Optimized UT decoding, better coverage of UT hits test and fix to UT unique x sector
Changes:
- Optimized UT decoding, which is ported from !1621 (closed) to be independent of !1509 (closed) (optimization table copied below). Also, this MR will make merge conflicts in !1509 (closed) easier to resolve.
- UT hits are now sorted with a unique key and deterministic tiebreak.
- Improved UT hit test coverage. The test of comparing HLT1 vs HLT2 UT hits is more stringent now as it requires 100% overlap in LHCbID and no duplicated UT hit LHCbID.
- Increased x tolerance of creating unique UT sector group x. This will recover our efficiencies of finding UT hits with matching (see below). Also, the unique sector group x is now the smallest x value of the sector group, which should help binary search.
- Other small changes include code cleanup and refactoring.

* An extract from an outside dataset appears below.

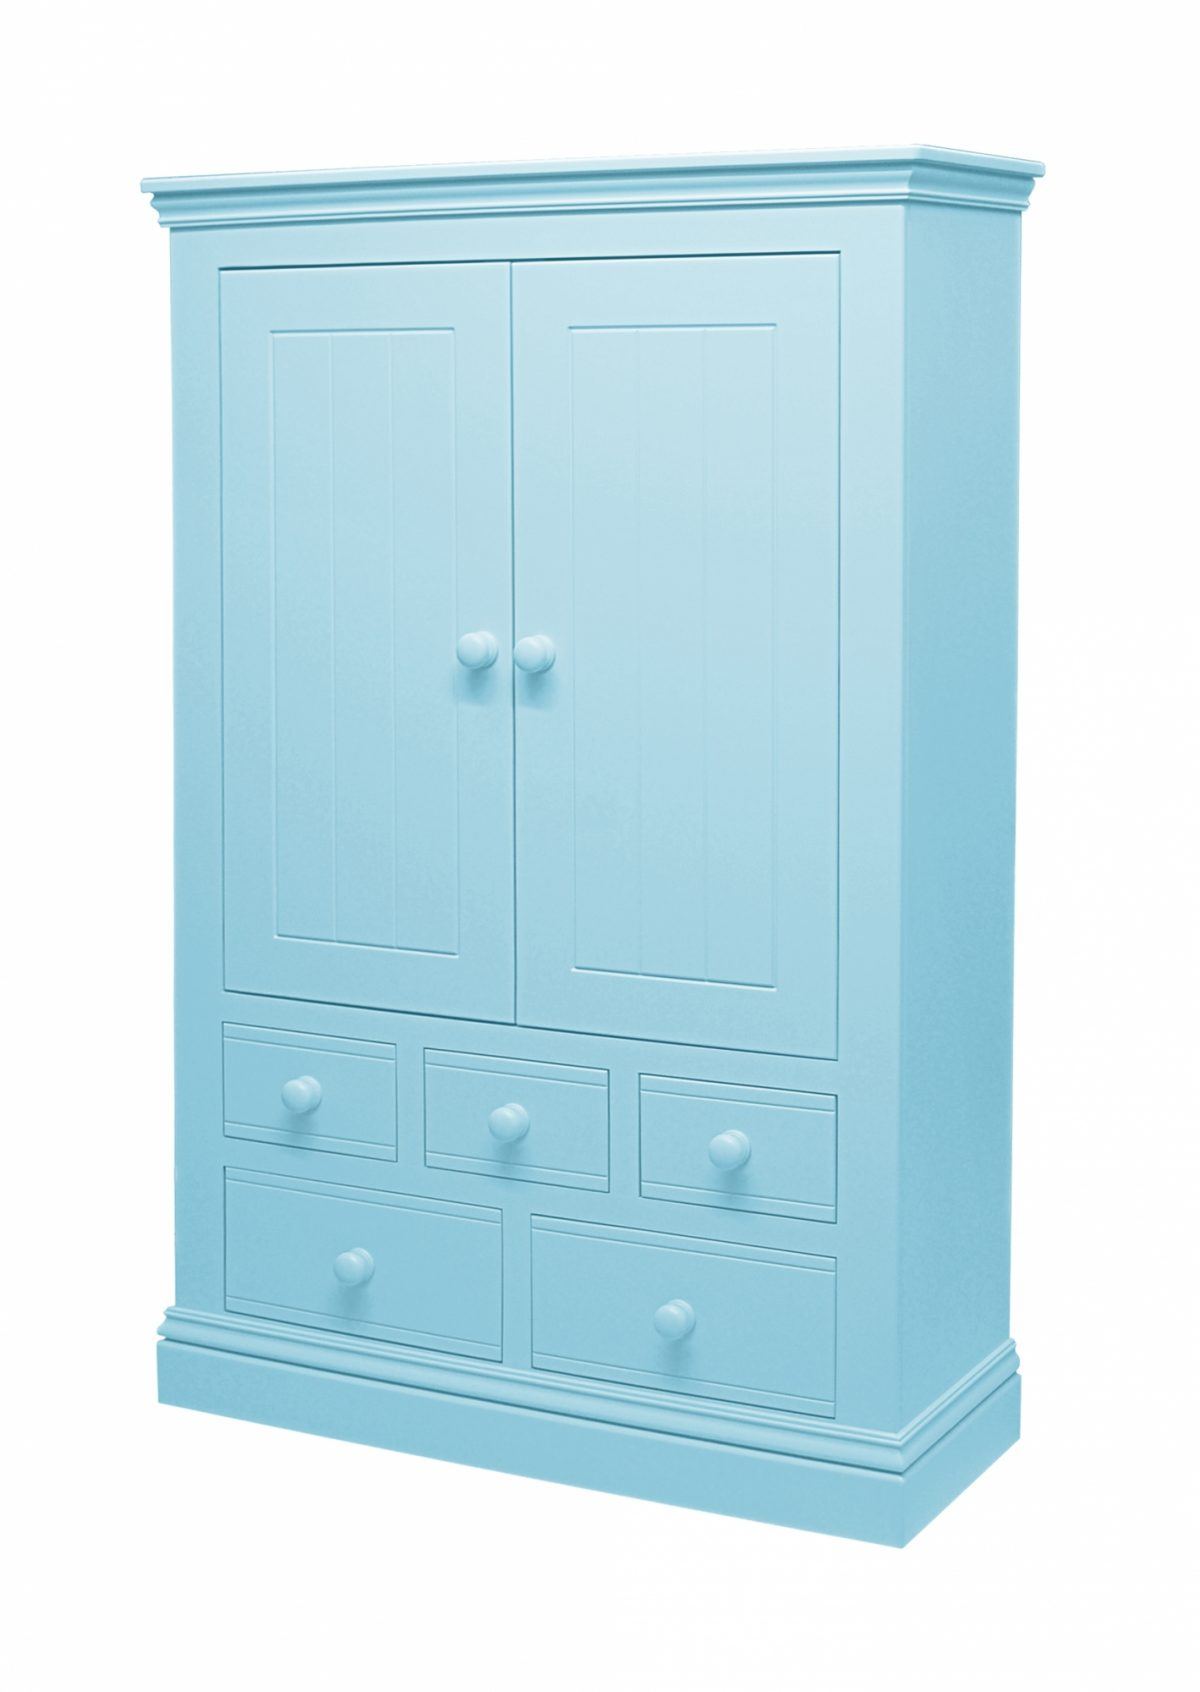 Majestical Grooved Combi Wardrobe Ocean Blue

More elaborate details below.
Works with Moore!3547 (merged).
FYI: @dovombru @mveghel @jzhuo @hawu @ldufour @cagapopo
Closes: !1621 (closed)
--- HLT1 Efficiencies With/Without UT ---
The following plots are made using matching_with_ut_clustering_opt_and_downstream
branch with the change in unique sector group x
from this MR. Should be tested again once matching with UT is merged to 2024-patches
. The only difference between orange and blue histogram is whether HLT1 uses UT hits. The input MEP file and HLT2 sequence is exactly the same.
Before, initially shown during LHCb Week.
After tuning x
tolerances of unique sector group, we recover a lot of charm mesons.

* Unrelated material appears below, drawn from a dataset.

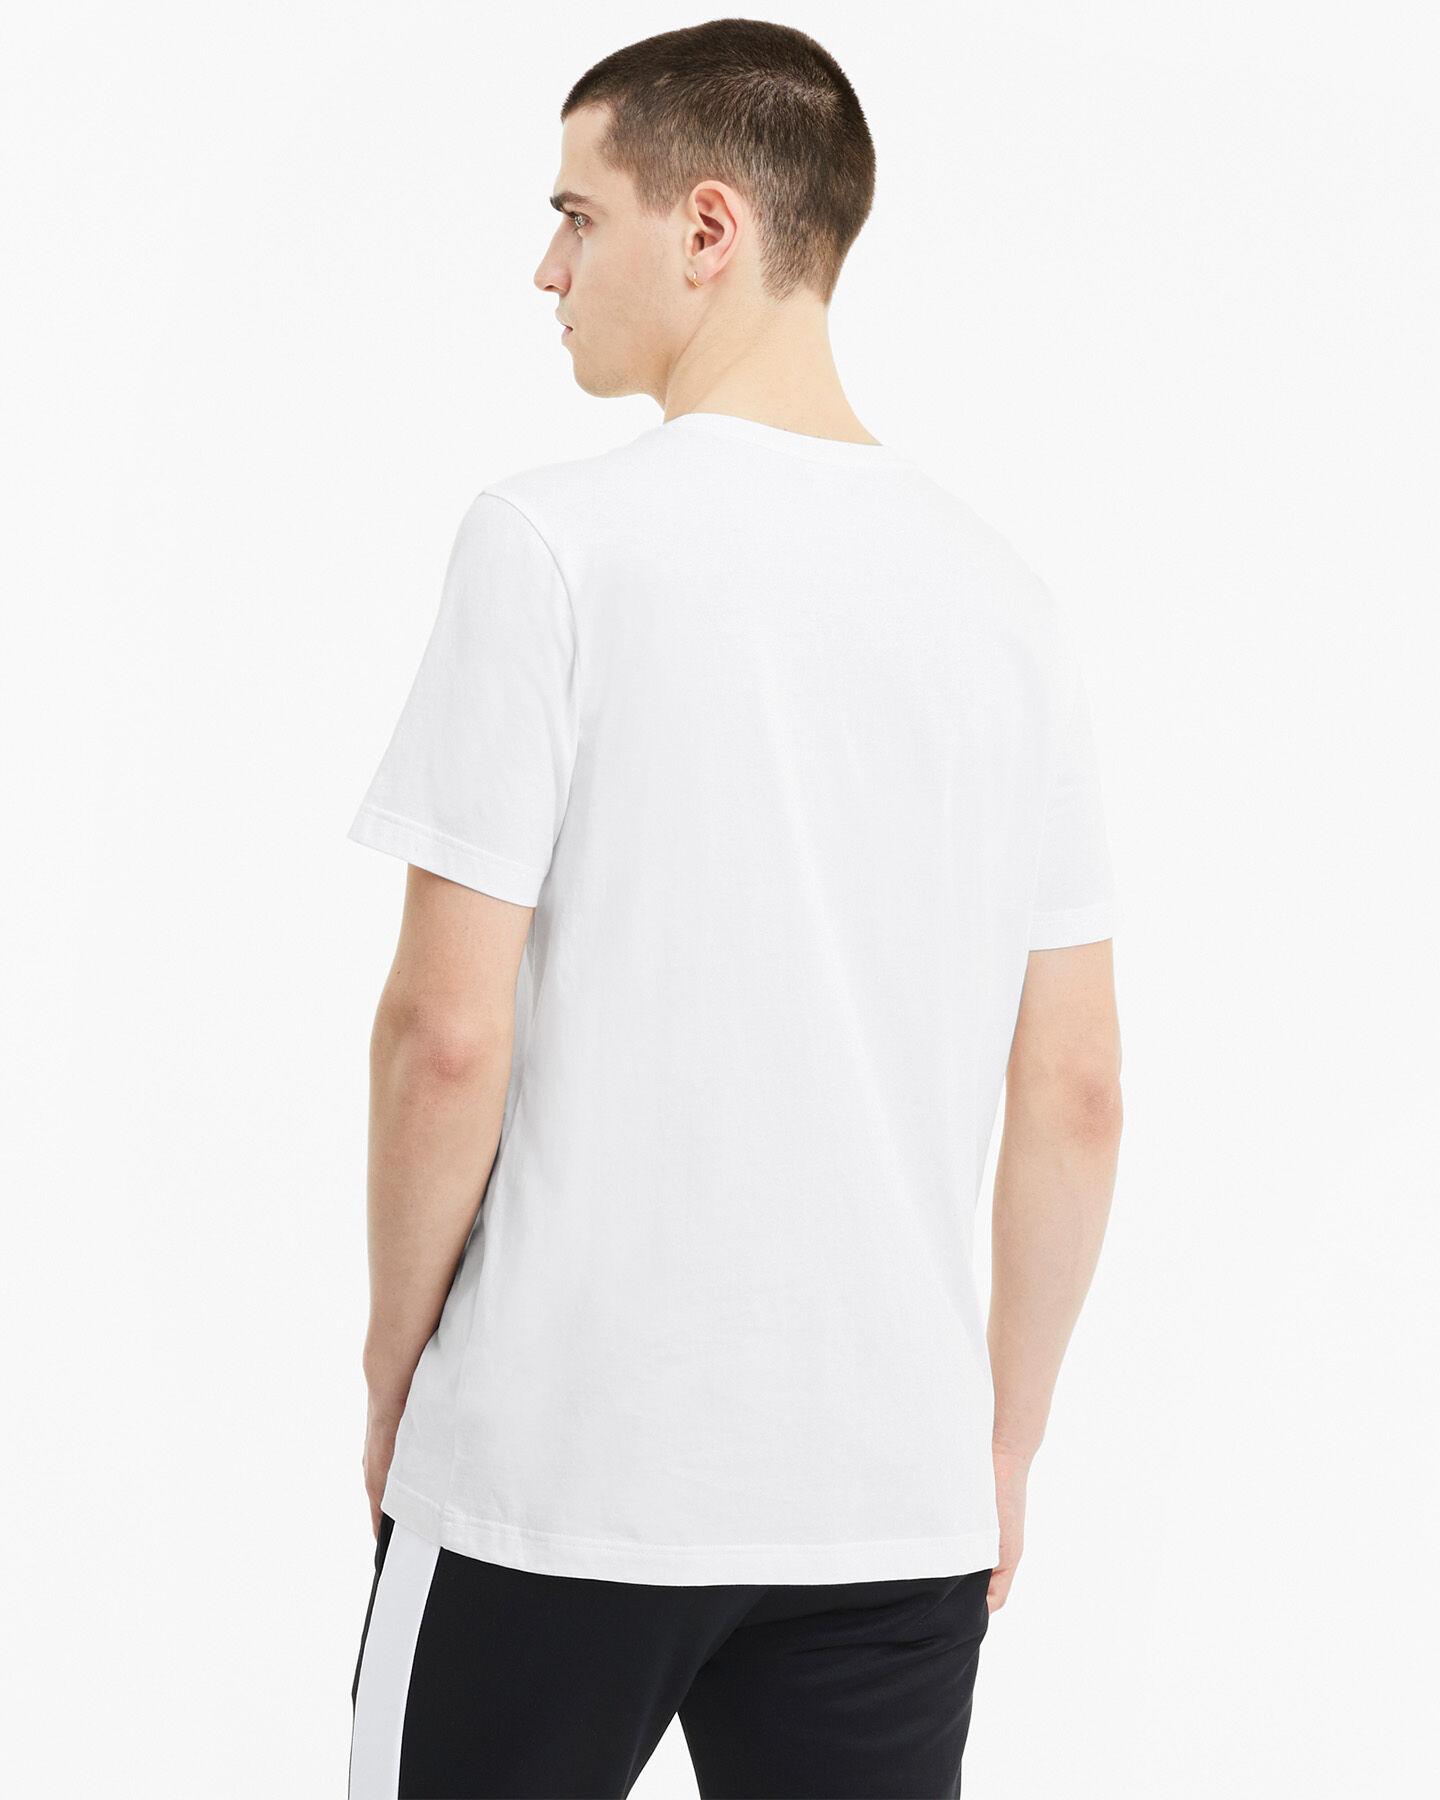 T-Shirt PUMA CLASSIC LOGO M S5235521 scatto 3

TrackMVA trigger rate on Run 295336 (mu=3).
Line | Without UT | With UT |
---|---|---|
Hlt1TrackMVA | 198.35 +/- 1.50 | 121.40 +/- 1.17 |
Hlt1TwoTrackMVA | 287.06 +/- 1.80 | 184.26 +/- 1.44 |
--- Throughput With/Without MR ---
Note: The optimizations reported in the table below is with/without the optimizations in this MR are tested with matching_with_ut_clustering_opt_and_downstream
branch (!1663 (merged) + !1509 (closed) + !1198 (merged)):
- Matching no UT: 108.7 kHz
- Matching with UT: 94.6 kHz
- Matching with UT + optimized UT decoding: 98.8 kHz
Unfortunately, we do not see such a large gain in ci-test of this MR so far, usually in the 1-3% ballpark (albeit with hlt1_pp_default
which is a different sequence). This MR reduces register pressures in UT decoding CUDA kernels which increases occupancy, so I suspect the optimizations in !1509 (closed) and this MR has larger speedup when put together rather than measured individually.
--- Copied from !1621 (closed) ---
UT decoding optimization:
- Removed UTBoards since we only need a sourceID -> geometry table map.

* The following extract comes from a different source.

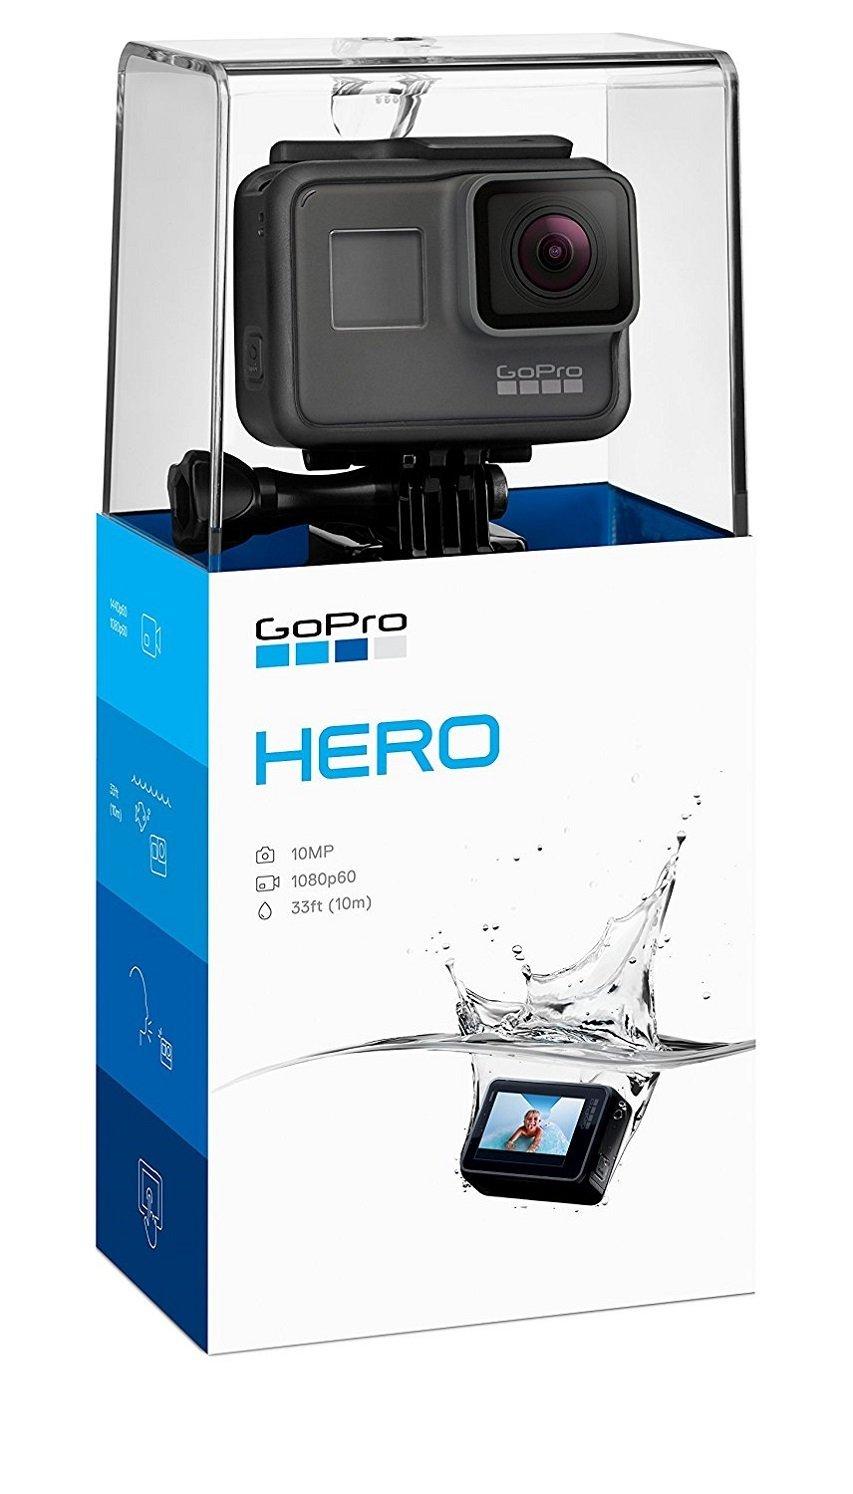 Câmera Digital GoPro Hero 2018 1080p CHDHB-501-RW

- Zero suppressed empty UT raw banks (no longer waste idle threads on them).
- Added warp atomics for UT decoding. Reusable by other parts of Allen.
- Binned UT raw banks so we decode large ones first, smaller ones later. This would equalize UT decoding workload while clustering.
- Reduced register usage (55 -> 53) in
UTClusterAndPreDecode
by using 16-bit integers instead of 32-bit where possible. - Very tiny (0.1 kHz) improvement from removing a loop over UT layer in
UTDecodeInOrder
, increasing occupancy of that kernel by 30%. - Opportunistic looping over UT raw bank lanes. The binning of UT lanes by size means the first warp will have more work to do. Rather than using a deterministic looping over UT lanes, opportunistic looping means that once all the threads in a warp has finished decoding 32 UT lanes (raw banks), you directly do an atomicAdd to get the next 32 lanes to decode. This should equalize the workload across the warps within a thread block.
Throughput running trackmatching_veloscifi_and_utdecoding
sequence on A5000
, each row contains the change/commit preceding them:
Change | Throughput (events/s) |
---|---|
2024-patches | 172169 |
2024-patches + !1509 (closed) | 188003 |
!1509 (closed) + !1444 (merged) | 184450 |
Removed UTBoards | 187189 |
Zero suppression | 188366 |
Warp atomics | 188801 |
Binned by size | 190724 |
Reduced register usage in clustering + removed UTDecodeInOrder layer loop |
191284 |
Opportunistic looping in UT clustering | 195834 |